Home for Christmas: an evening with Carol Ann Duffy, John Sampson and Little Machine
Edinburgh, Wednesday 3 December, Festival Theatre Studio.

'There's no place like...' : two evenings of poetry and music presented with Rally & Broad
With original commissions from Don Paterson, Martin MacInnes, Stewart Home, Rupert Thomson, Jenny Lindsay and Rachel McCrum.
Stirling, Thursday 11 December, The Tolbooth
St Andrews, Sunday 14 December, The Byre

The Home Straits is a curated programme of work which looks at journeys home, investigates ideas about home, and the comforts and constrictions of home. 

Rupert Thomson of Eleven comments on the programme:

'Artists often make some of their best work when required to rise to
the challenge of political circumstances. These finale events for Event Scotland's Year of Homecoming are, above all, a celebration. But they are also a chance to reflect on what has been a historic year for Scotland. And we feel that the artistic and literary perception of 'home' is a relevant angle from which to consider the political context of the year, whether explicitly or as a more general meditation on what 'home' can mean.

We are particularly excited and honoured to be working with such a visionary and committed group of artists, and we look forward to welcoming audiences to share in these experiences with us.’

Commissioned by Eleven and Summerhall for this year’s Edinburgh Festival Fringe, Song of the Goat’s Return to the Voice at St Giles Cathedral was acclaimed by both audiences and critics, with 5 star reviews in The Herald and The Scotsman. Return to the Voice is a product of considered research into ancient Gaelic and other traditional Scottish musical forms, re-imagined by internationally acclaimed theatre-makers Song of the Goat. 

A thrilling and emotional large-cast theatrical performance, Return to the Voice represents a European take on Scottish identity/identities. This will be the only performance in the UK as Song of the Goat revive the piece at the incredible Tramway in Glasgow before its Polish premiere.

Carol Ann Duffy, the first female and first Scottish Poet Laureate, will present a new Christmas-themed performance, in collaboration with her regular musician John Sampson and the band Little Machine, who have set some of her poems to music including 6 as Christmas Carols. Home for Christmas will feature Carol Ann Duffy and John Sampson in the first half, with Carol Ann reading a selection of her poems including The Christmas Truce and other poems around the Great War followed by Little Machine after the interval, with Carol Ann again reading some of her poems.

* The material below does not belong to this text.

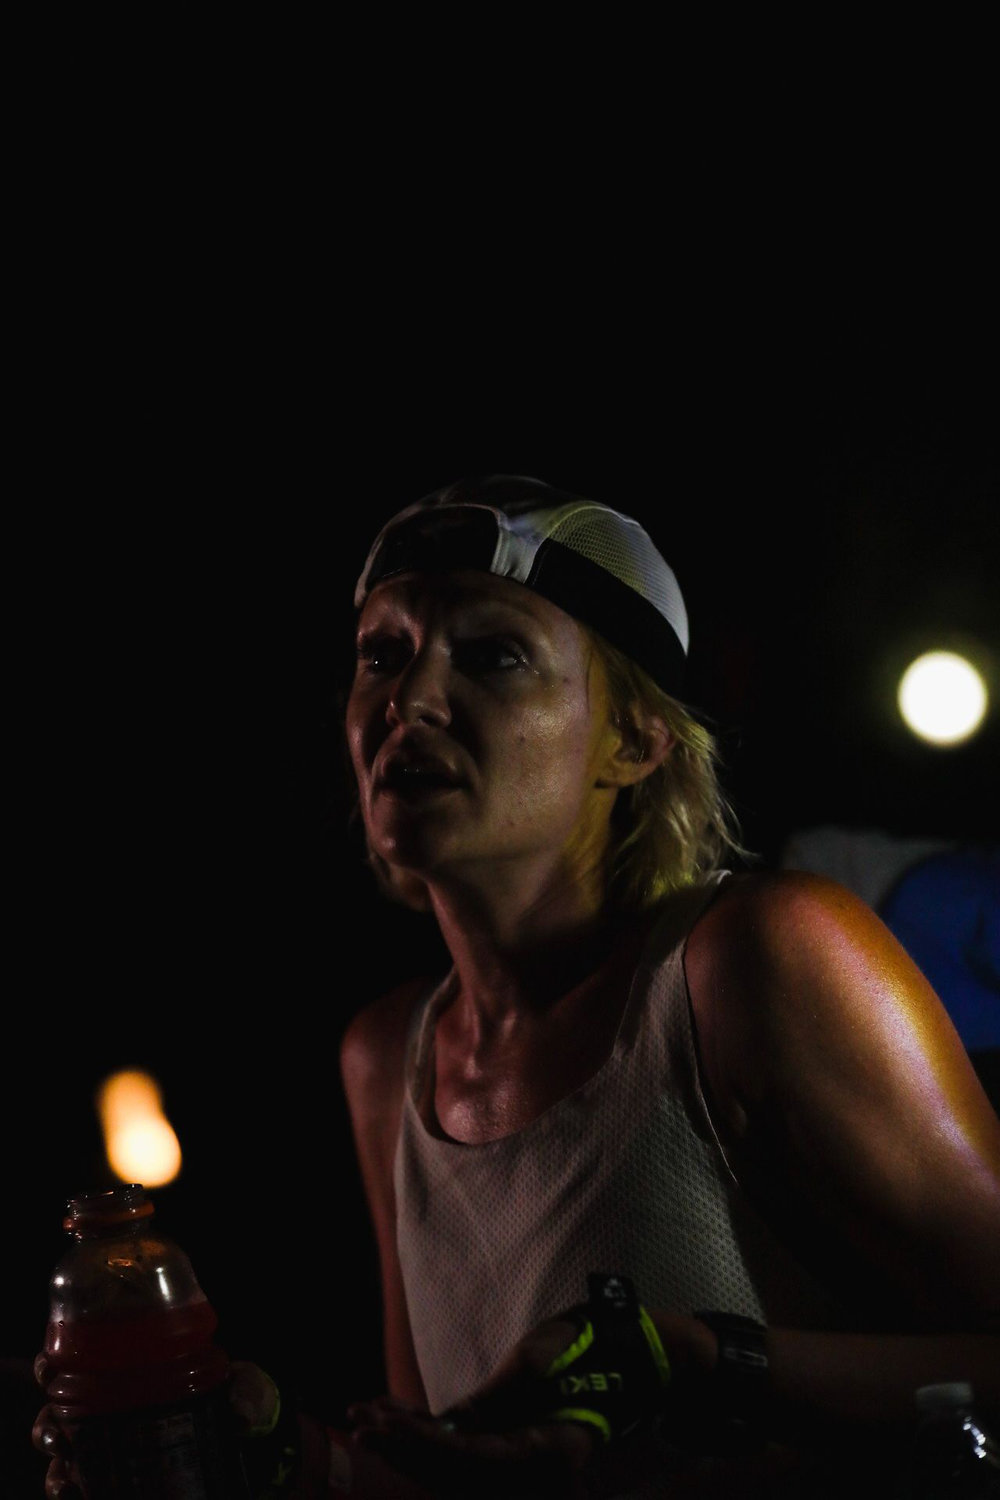 Sabrina Stanley runs through the night during the Hardrock 100 ultramarathon on July 17 near Silverton, Colorado.

'There's no place like...': two evenings of poetry and music presented with Rally & Broad
With original commissions from Don Paterson, Martin MacInnes, Stewart Home, Rupert Thomson, Jenny Lindsay and Rachel McCrum.

[HOME]: 'a place where something normally lives or is located. One's place of residence. Familiar or congenial setting. A house. Domicile or habitat. Headquarters. The place, when you go there, they have to take you in.'

At the end of the year of Homecoming, a group of poets, writers, musicians and dancers explore notions of home. Where is it? Where has it been? And how do you get there?

Rally & Broad is a partnership of poets, performers and promoters Rachel McCrum and Jenny Lindsay who run popular and surprising monthly spoken word cabaret events in Glasgow and Edinburgh. Don Paterson is an award-winning Scottish poet, writer and musician. Martin MacInnes is a writer from Inverness who recently won the international Manchester Writing Competition. Stewart Home is an English writer who has written about and worked in Scotland.

There will also be a series of pop-up performances or 'interventions' in significant locations around Scotland. While the live performances may well be seen by no-one, or by a small crowd of confused onlookers, they will be documented and shared online. Potential locations include Harthill Services, the Forth Road Bridge visitor centre and the chip shop in Anstruther – all places which are a border between places, or in some way constitute the ‘edge’ of home, or of Scotland, or which represent significant points on a journey ‘home’.

The Home Straits programme will be intriguing, surprising and intrinsically Scottish, as well as inviting some deeper questions of what 'home' means.